A handful of years ago I got divorced. I experienced some trauma.

Trauma is a big word. It’s an impactful word too, if perhaps a little ham-fisted, the type of word to barge into sentences, to punch you in the arm, or disturb the ambience in a fancy restaurant with a loud voice and uncouth behaviour.

Though it’s a simple thing too. Simple but powerful, a beast grown from an emotional response to something negative that happened.

Trauma doesn’t have to be boisterous, it’s often quiet, insidious, tenacious. It seeps into the psyche like spilt ink on blotting paper and you’re left to process it numerous times over as the ink seeps deeper.

I thought I was more than over the meltdown of my first marriage and subsequent divorce in 2014. But such a monumental life fuck up sticks with you, it revisits when least expected, it knocks on your door during a busy afternoon and won’t leave.

I’m married once more. I tied the knot to a wonderful woman in August 2018, and I have a family. I’m happy.

My first marriage was nothing like my current marriage. It was tumultuous, impulsive and emotionally exhausting.

And that was just the wedding.

When it unravelled, it was her, not me, that pulled the plug. But quickly, and guiltily, I acknowledged she’s done us both a favour.

After the initial shock and denial (boy oh boy that’s a deep plunge), I was hit with a wave of emancipation, free from a situation that, one way or another, didn’t fit either of us.

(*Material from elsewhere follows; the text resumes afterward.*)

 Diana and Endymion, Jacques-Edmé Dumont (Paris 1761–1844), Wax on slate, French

It was hard, but initial trauma was kept at bay by a deliberate pushing back against the upheaval using Albert Camus’ words:

“In the midst of winter, I found there was, within me, an invincible summer. And that makes me happy. For it says that no matter how hard the world pushes against me, within me, there’s something stronger – something better, pushing right back.” – Albert Camus

This singular quote kept me afloat.

I don’t blame her for what happened. We were both looking for stability in all the wrong places; namely, each other.

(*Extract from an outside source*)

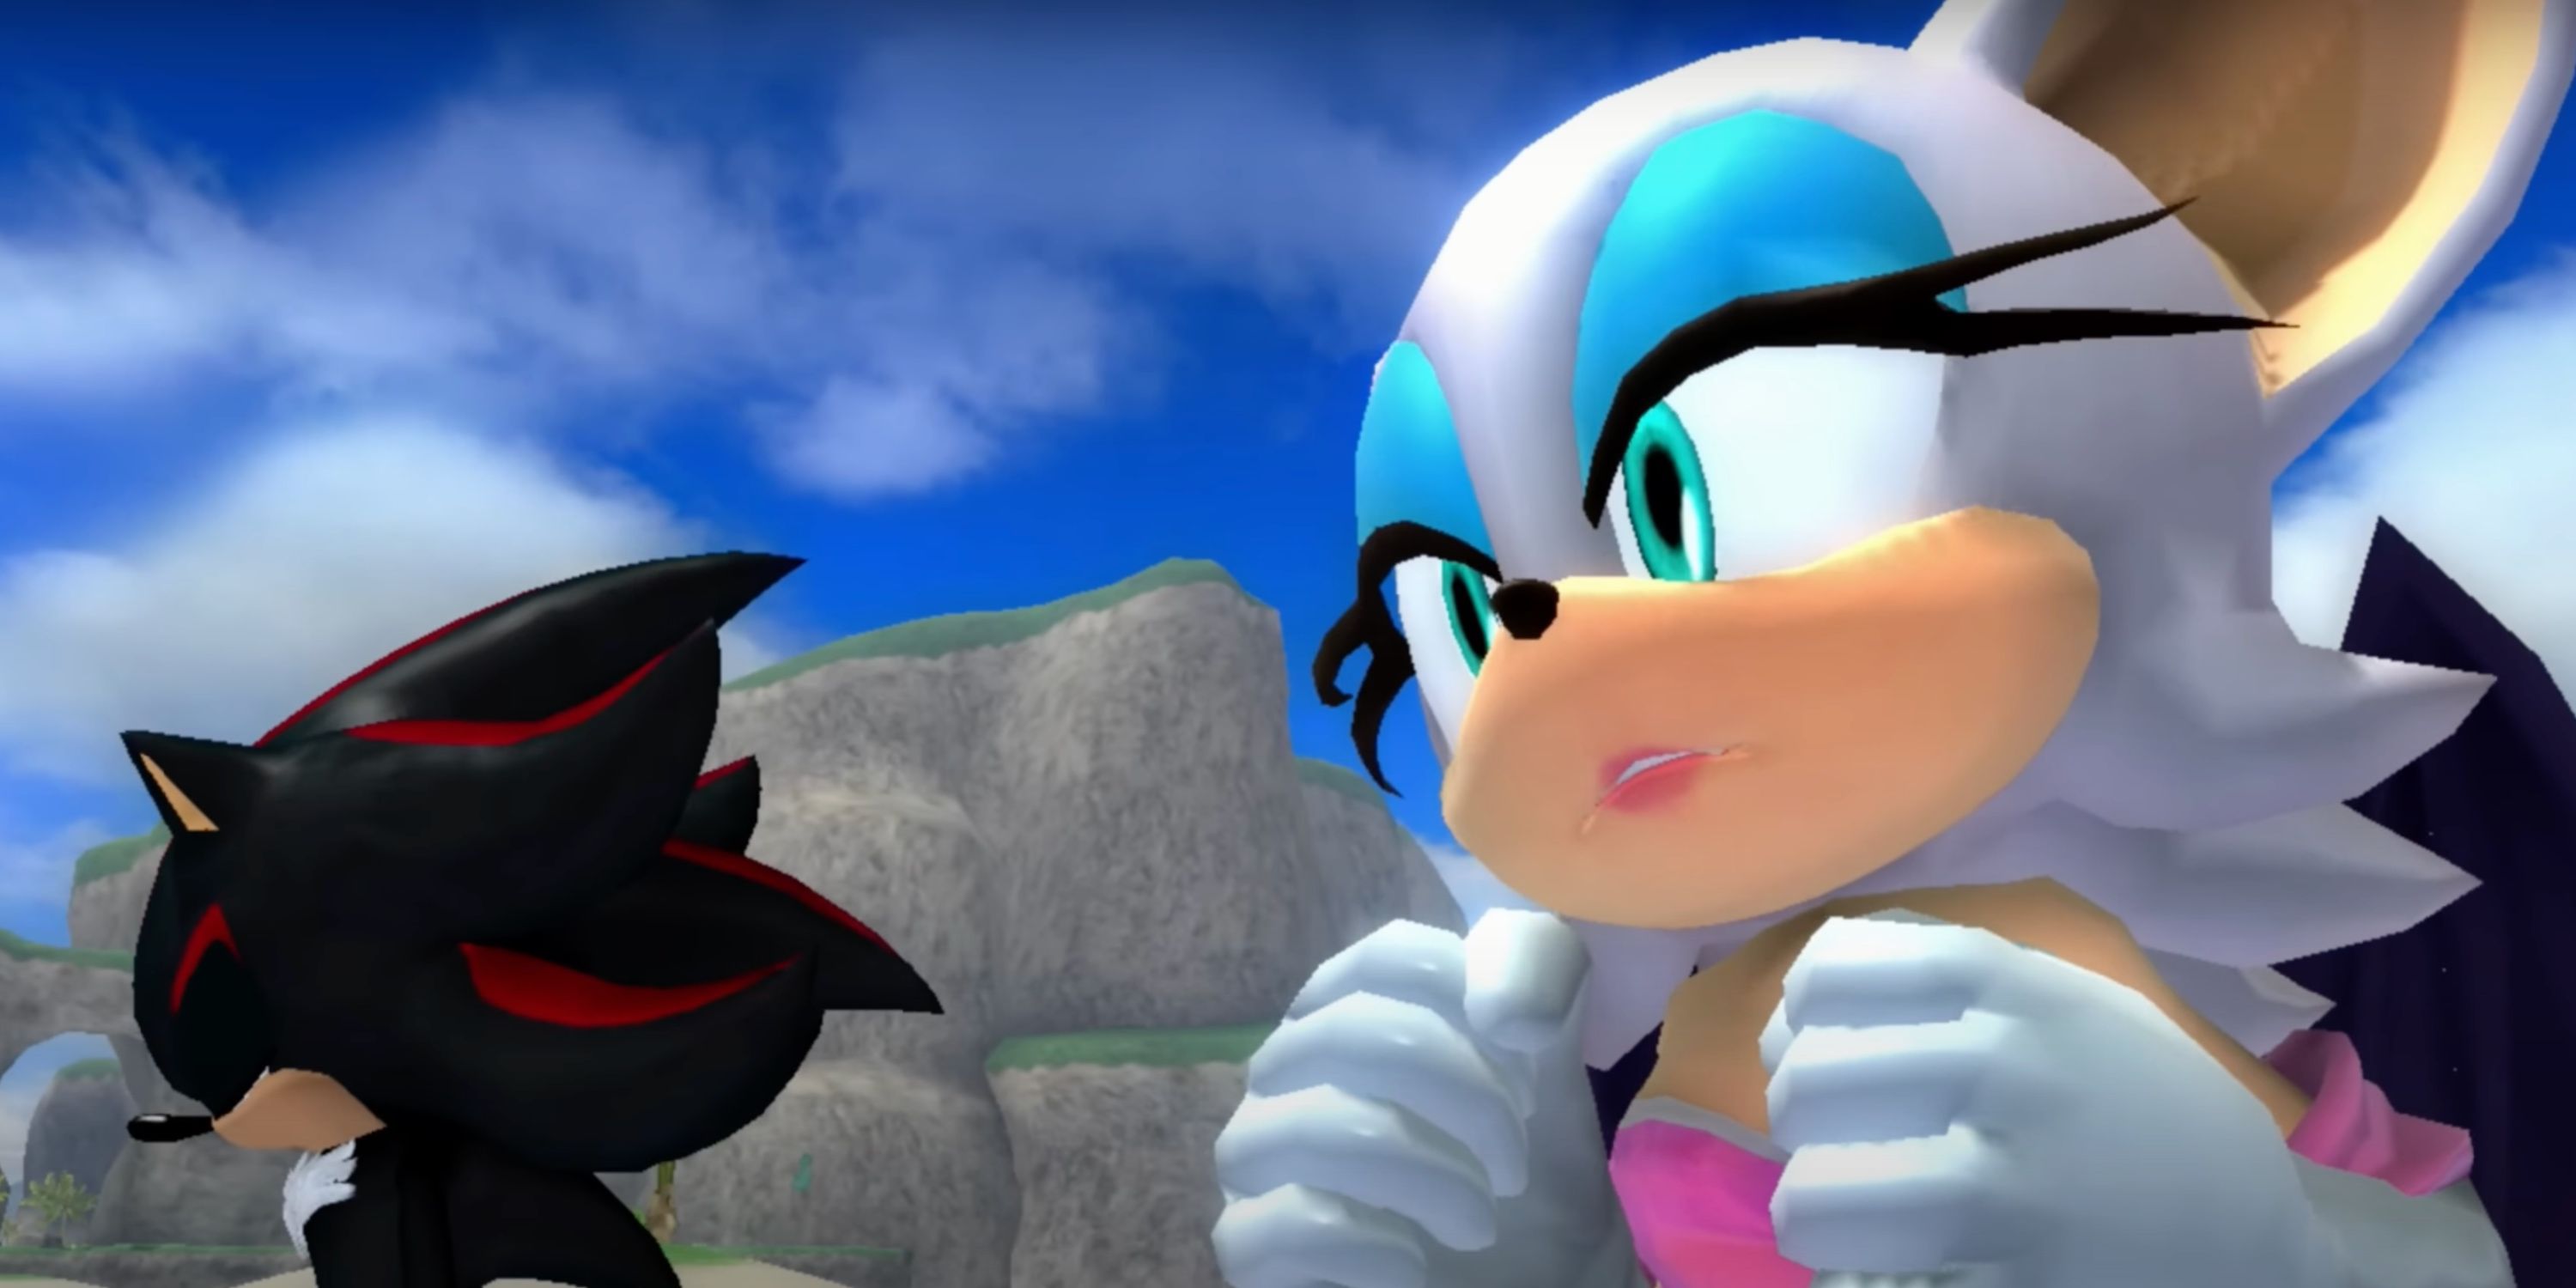 rouge in the foreground, with shadow next to her, his head down and eyes closed, from sonic 06

We shared chaotic and unpredictable childhoods and carried them, arms and legs, into our new life together. We were victims of programming, looking, longing, for consistency.

It was a match of two sorry souls who grabbed hold of a rock in a storm and thought “this will do”. And to be fair, it nearly did do. We were sometimes good. But nearly isn’t enough. Nearly means not quite. Nearly means it won’t do.

When we split, there were a series of odd meetings between us and I didn’t understand their purpose.

I still don’t.

What I know now that I did not know then is she’d left me for someone else, her mind was already made up, but still, she wanted me to perform, to fight for her, to make my case, to take full responsibility for our crumbling relationship so she could atone for her adulterous sins.

Oddly, she asked me to wine and dine her, and I booked a table in an expensive restaurant in Mayfair but cancelled it after we bickered on the phone, or by text, I can’t remember. Instead, we met in a coffee shop in Notting Hill where we argued over cake and warm tea.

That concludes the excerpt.